My love at first sight in 2021, Le Pavillon opened on the highest point of the capital of Wallonia, in the glorious city of Namur. As its founders joke: ‘despite its appearance, which resembles an astronomical station, the Pavillon did not come from Mars, but from Milan.’ Namur-based architect Patrick Génard and his Barcelona-based architectural firm Patrick Génard & Asociados created the Belgian Pavilion in such an interplanetary style for the 2015 World Expo in Milan. ‘Le Pavillon’ teleported to the Citadel district in Namur, the architect’s homeland, and became an Art Centre where art meets science and they are both with a public demand (for an ecological, comfortable, socially just future life). As part of the 13th edition of the KIKK festival at ‘Le Pavillon’, we saw the exhibition ‘Stellar Scape’ (opened in June 2024). I must say that the ‘cosmic landscape’ in the Art Centre is very interesting.

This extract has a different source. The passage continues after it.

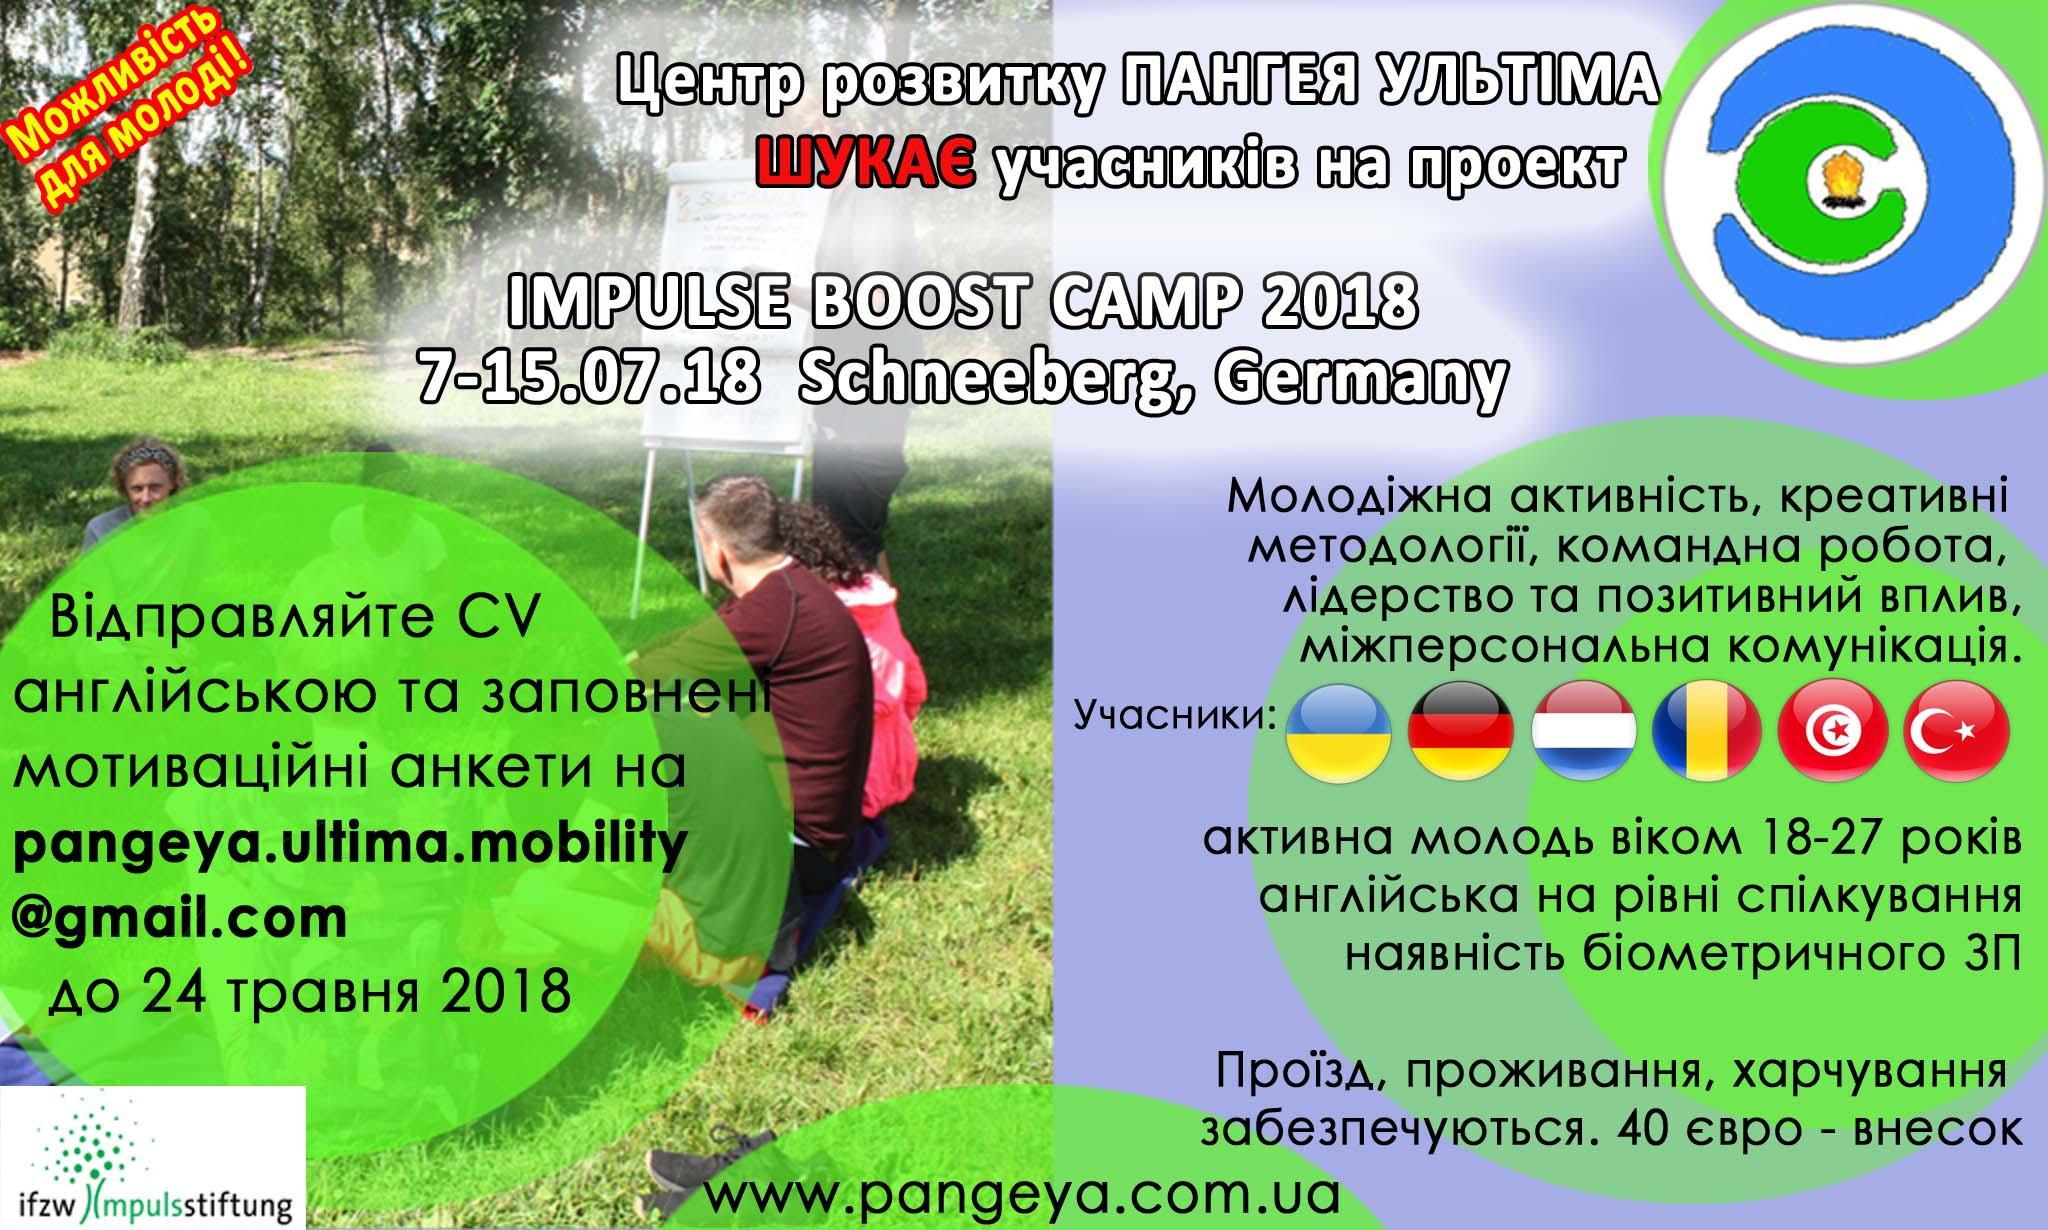 Impulse Boost Camp 2018
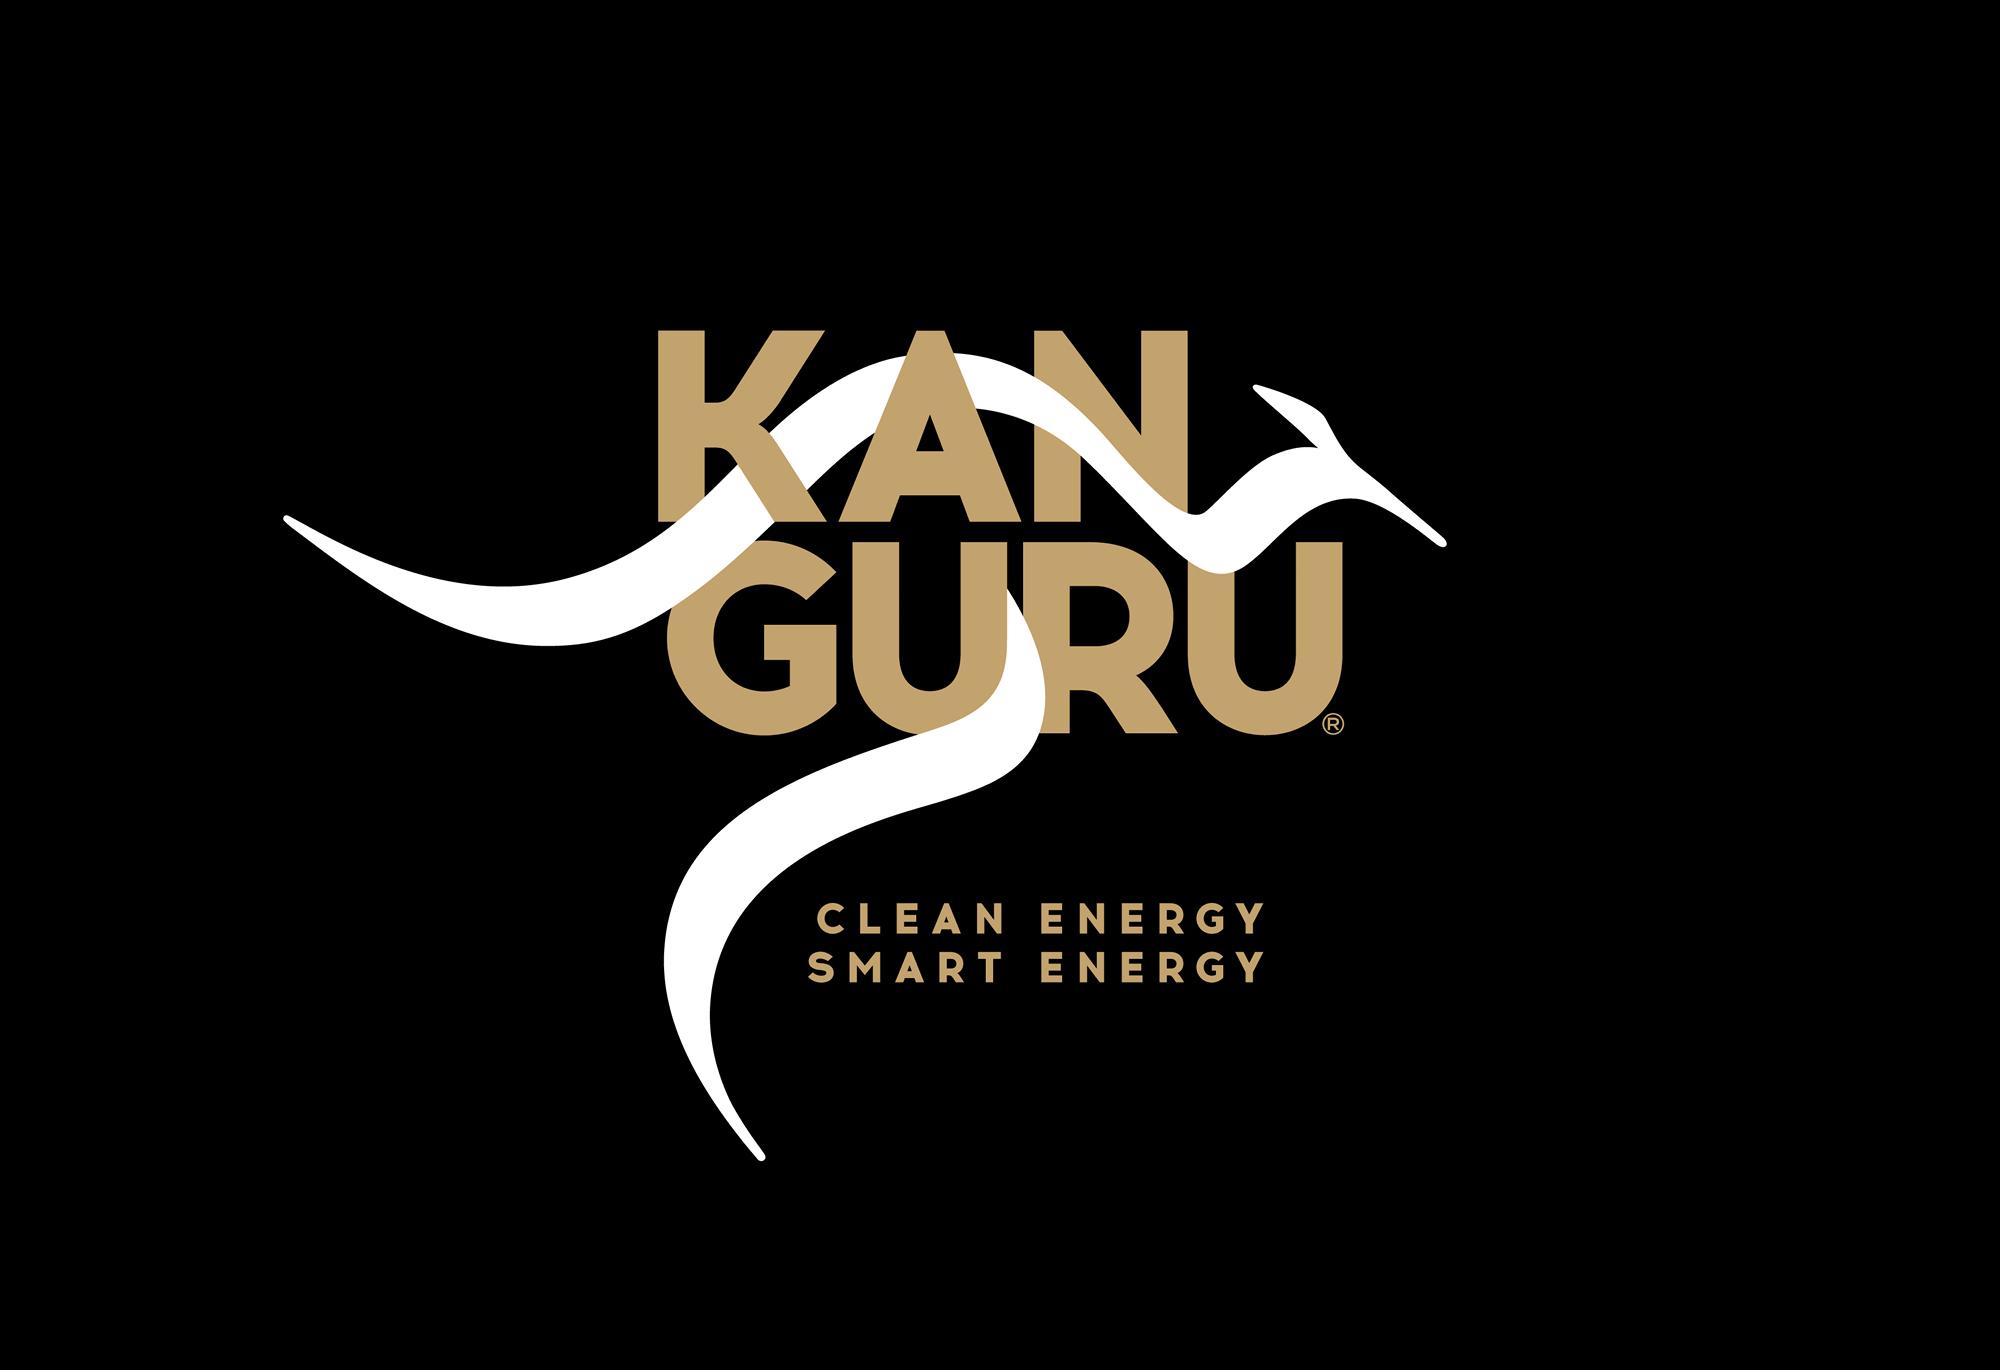 Kanguru – Clean Energy Smart Energy logo

We are entering the latest era of space exploration, and art based on scientific discoveries helps to analyse the challenges – ethical, geopolitical, ecological.
My three highlights:
At the very entrance to the exhibition, visitors are greeted by one of the ‘Kongo Austronauts’, a Congolese astronaut robot created by the French artist duo Michel Ekeba and Eléonore Hellio from some electronic rubbish, i.e. recycled parts of computers, phones, electronic equipment from Europe in and around the Congolese capital Kinshasa. Africa in the post-colonial era has become a dumping ground for the most environmentally toxic waste.
Scottish artist Katie Paterson used Beethoven’s ‘Moonlight Sonata’, a favourite piece of music of the ‘leader of the world proletariat’ Ulyanov-Lenin, in her project. She converted its notes into Morse code and transmitted it to the surface of the Moon. Reflected by the craters and uneven surface of the Sun’s satellite, the sounds of the music returned to Earth in a distorted form. Listening to a mechanical piano, you will generally recognise the ‘Moonlight Sonata’, but the pauses and shifts in sound will confuse your hearing.
And the most humane project of the exhibition ‘Moon Goose colony’ is multimedia. German artist Agnes Meyer-Brandis was inspired by the novel ‘Man on the Moon’ by British writer Francis Godwin (17th century), a forerunner of science fiction. The protagonist flies to the moon in a chariot pulled by moon geese. Now, four centuries later, the artist has combined fiction, science, poetic vision and legends from the past, present and future to set off on a journey following the flapping wings of this feathered bird, populous in the folklore of all nations. In an ecologically respectful analogue, she took on the tender responsibility of mother goose, raising and training eleven geese from hatching and naming them after prominent astronauts (the firstborn was named Yuri, the first female Valentina, alongside Neil and other astronauts). The goose colony made several landings on the ‘moon’. It is touching to watch the goose wedge semen behind Agnes on the notionally ‘lunar surface’. A humanistic project with a lot of humour. I personally associate it with ‘exaggeration of the feat of the first cosmonaut from a peasant family as a symbol of the victory of socialism in the USSR’, whereas the scientific and moral feat was performed by a nobleman, constructer Sergei Korolev with a broken jaw in the NKVD. With all my sympathy for the smile and personality of Yuri Gagarin.